“The Kids Are Alright” is a short documentary exposing the incredible level of disrespect people with Muscular Dystrophy have faced from Jerry Lewis and the Labor Day Telethon put on by the Muscular Dystrophy Association. When the narrator first speaks, we see an image of him as a young poster child for the association, smiling from his wheelchair as Jerry Lewis hands him a piece of birthday cake. Flashing forward forty years later we see the narrator once again at an MDA event, one was he was not invited to. This time, him and other former poster children are protesting the event and all that it stands for as a group self-titled “Jerry’s Orphans”, passionately shouting, “Piss On Pity!”

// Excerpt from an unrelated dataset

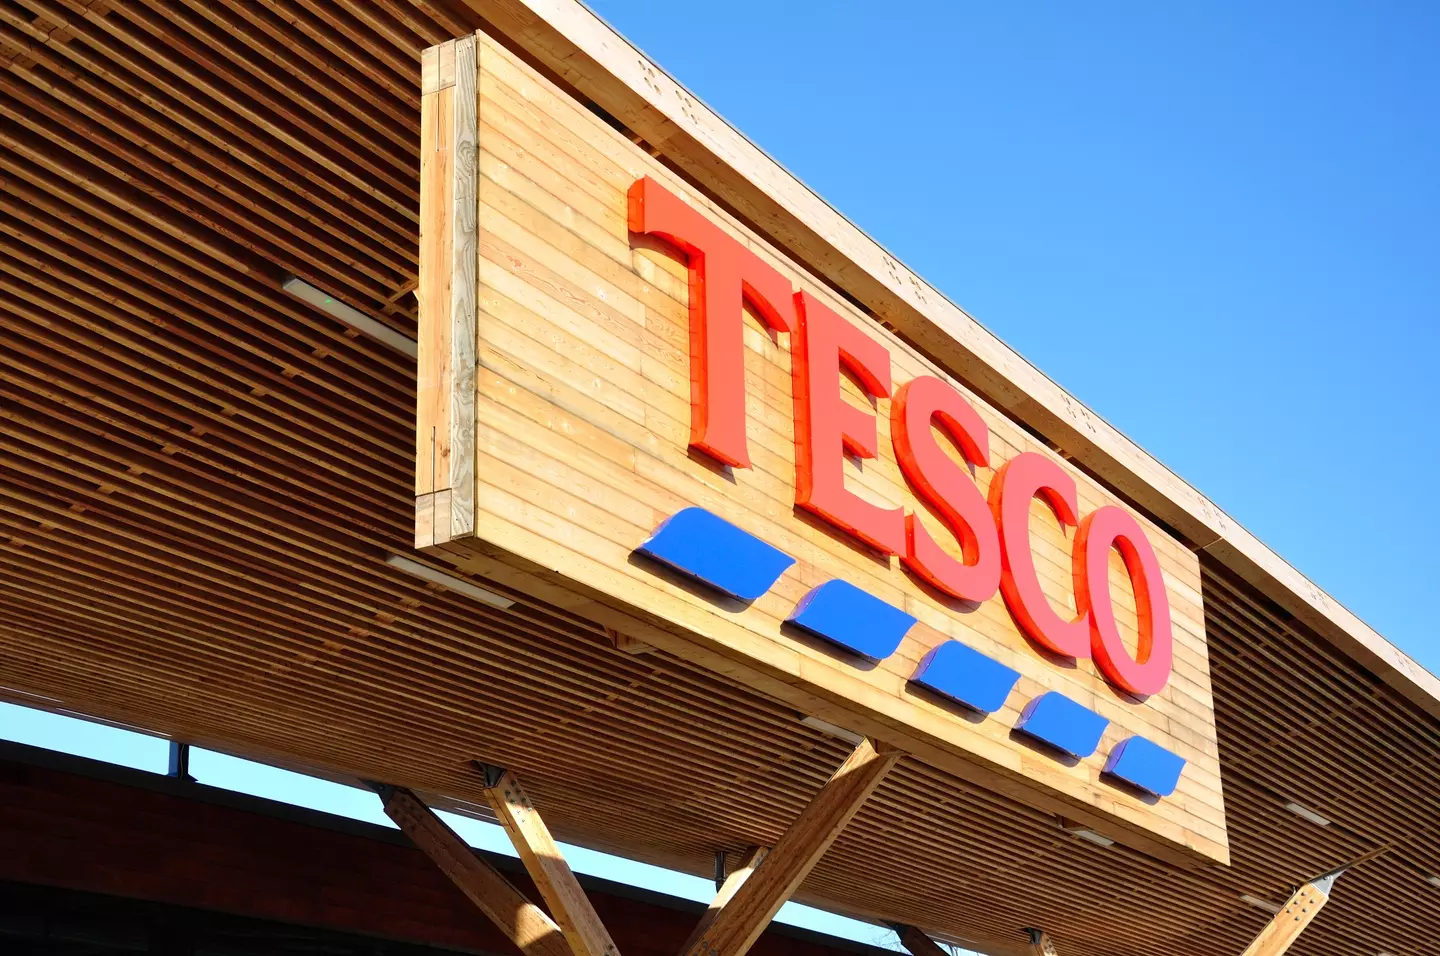 A number of different pet foods including Whiskas, Dreamies and Pedigree have been axed from Tesco shelves.

Throughout this documentary the narrator dives into the specific actions and processes involved with the telethon that directly contradict the needs of those with Muscular Dystrophy. When he was a child, the narrator was featured on these televised events as a way for the foundation to pull at the heartstrings of those watching from home. They describe these children as trapped in their wheelchairs; a collection of poor little angels that may only be cured if people donate enough money to the foundation. However, as the story develops it becomes clear from the narrator’s account as well as those of the other former poster children that by focusing the telethon’s message on the goal to find a cure and make money for those involved in the association, the actual individuals who need accommodations such as wheelchairs, care-givers, ramps, etc., are often left out of the conversation, and therefore their needs are continuously unmet by the people who claim to care the most.
The issue of accommodations being provided to those who need them isn’t the only issue though. The narrator also makes the point multiple times that one of the most important things people can do to support those with disabilities is to refuse to pity them. Humans deserve to be treated with humanity. The narrator reads to the audience a quote from a piece written by Jerry Lewis that was featured on the cover of the 1990 Edition of Parade Magazine, where Lewis imagines what it would be like to suffer from Muscular Dystrophy and describes the people affected as only existing as “half a person,” who can only experience “half a life” because of the disability. The narrator points out that this level of disrespect towards the community Lewis attempts to represent is the most “unbelievably outrageous and patronizing piece about disability” that he had ever read in his life. He also goes on to express that this mindset affects the interactions disabled people have with the general public with a story about getting coffee one morning and a man on the streets assumed that the narrator was begging for money, simply because he was disabled and holding a cup on a street corner as he waited for the light to change.
As a documentary, “The Kids Are Alright” encapsulates the often invisible and purposeful disconnect between activists and the people they supposedly represent. Every year the narrator and the other members of “Jerry’s Orphans” attempted to protest the Telethon after the first, not only were attempts made to bar their entry, but the police were called to remove them each time, as the members tried to explain to the event attendees and supporters that their actions were detrimental to the Muscular Dystrophy community. When the narrator chose to name the documentary “The Kids Are Alright,” not only was he commenting on how the poster children deserve to exist as children without the condescending experience of being pitied for their existence, but he was also commenting on how Lewis and the Muscular Dystrophy Association chose to forget about the child once they grew up. Only the children are seen as good enough for viewers of the telethon to fight for with their pocketbooks, despite the number of adults who still need and deserve to receive accommodations without their personhood coming under attack.
This documentary highlights the problem of “compassionate” people who refuse to unplug their ears to the voices of the people have the human right to speak about their experiences. I found that the main message the narrator wanted to impress upon the viewers in “The Kids Are Alright,” is that despite the dehumanization, disabled people will never stop being fully human, and will not stop their important self-advocacy until the world understands that truth and acts in accordance. I would like to rate the documentary a full 5 out of 5, however I’m going to give it a 4, only because I wish it had been far longer and included the stories of the other poster children that made up “Jerry’s Orphans” explored in depth just as the main narrator’s experience was.